I’m never quite sure what to do with myself on the last day of a year. The holidays always serve as a strange and sudden reminder of the fact that an entire year has almost passed. It’s a fun moment to remember what you were doing this time last year, to think about who you were, what you wanted, and what has happened.
But this year feels a little different. No matter who or where you are in the world, 2011 was not business as usual. 2011 saw Arab Spring, the rise of Hacktivism, the battle for Unions, #Occupy movements all over the world, the rise and fall of major players on the world stage - many of us haven’t seen anything quite like it in our life times.
Whether you believe 2012 will bring the end of the world, the beginning of collective enlightenment, or that it’s simply another year of riding on a rock that’s circling the sun, one thing is for sure - nothing cataclysmic needs to happen in 2012 to make it a course altering year. All one needs to do is look behind us to know that this upcoming year is probably going to profoundly shape our lives.
And so, what do you do with all of that? I kind of feel like I should be bracing myself. But for what, exactly? How do you prepare for what hasn’t even happened yet?
I think, whatever happens on the world’s stage this next year, there’s only really two things I have control over. Myself and my community. And while I can’t know what’s around the bend for any of us, I can do my best to help make myself and my community as agile, connected, and resilient as possible. Here’s what I’m thinking:
Getting Yourself Prepared
This is a great time to look at finances, and to decide how you want (and don’t want) to spend your money. Both saving and keeping your money local will ensure that you and your community are insulated from the volatility playing out in the global economy. Whether you move your money to a credit union, commit to donating to local places of common good like the Public Library, or simply try to share, repair, exchange, or barter more to save money and get in the habit of connecting more with the people around you, there are many ways you can start to teach yourself more resilient practices while helping to support your community.
Getting Your Community Prepared
It’s easy to look around and feel like you can’t change things. But we often forget that we shape what happens in our neighborhoods, towns, and cities every day. It’s much easier to shape legislation, support organizations that are making important change, or share sustainable practices with people you come in contact with every day. What’s the best way you can help build community? You could start with something as small as introducing yourself to the people on your block,. You could get involved with an initiative, or organize a neighborhood Free Market, decide to start getting involved with your local government, or Become a Urban Change Agent, Shareable Style. There are plenty of ways you can get involved locally to help prepare your community by making it more Shareable.
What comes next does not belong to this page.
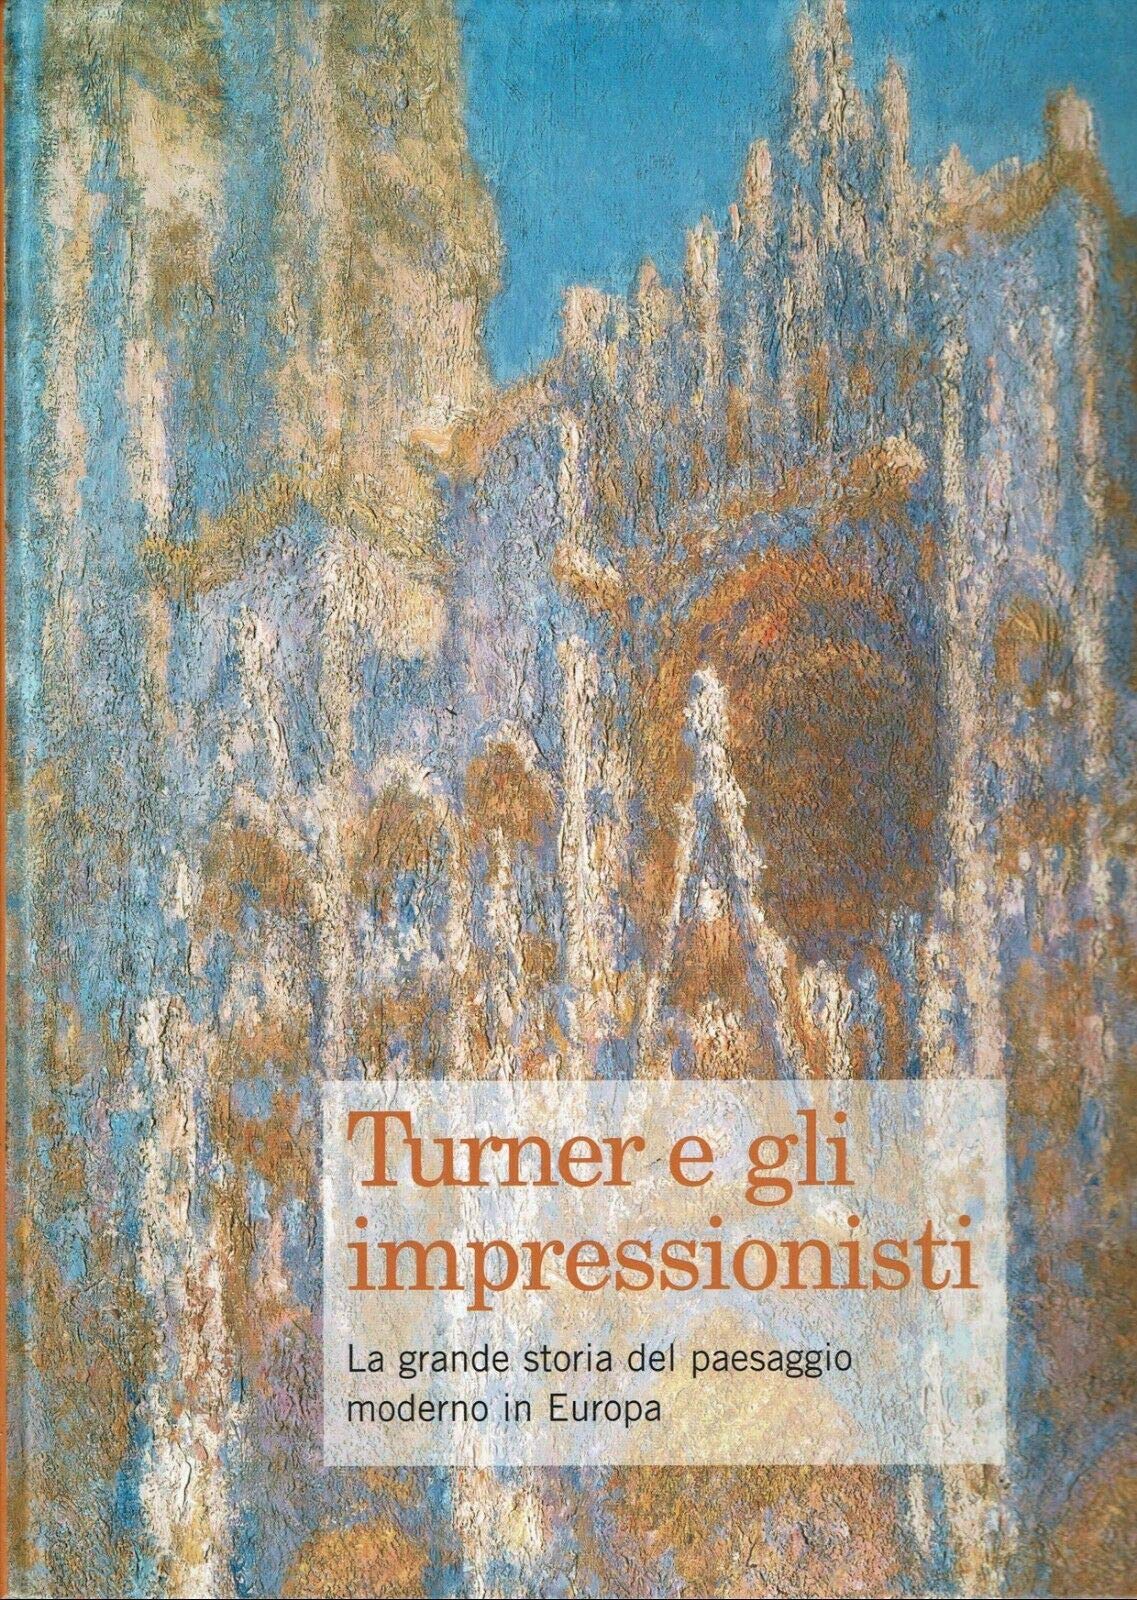 Turner e gli impressionisti. La grande storia del paesaggio moderno in Europa.

Striving to be the Change you Wish to see - Step by Step
Maybe reading sharable has made you want to give up your car, recycle your old gadgets, or start a nanny share. Maybe you’re curious about where the stuff you’re consuming comes from or how to dive into the world of Collaborative Consumption. Or maybe you just want to take better care of yourself. I think it’d be great to pick one thing you’d like to change, and do it! Make the goal easy and achievable so that you’ll be inspired to make more change in the future.
For me, I’m not happy with my clothing consumption practices. I love fashion, and while I’m pretty good about purchasing second hand clothing - I’d say right now I’m at about 70% used clothing, 30% retail, I’d like to go ahead and nick off another 15% this year, with the goal of eventually getting to 100%. And instead of passively feeling guilty about the conditions that garment workers are forced to live and work in, I want to get more educated on how I can help advocate for better trade agreements/work conditions/industry standards.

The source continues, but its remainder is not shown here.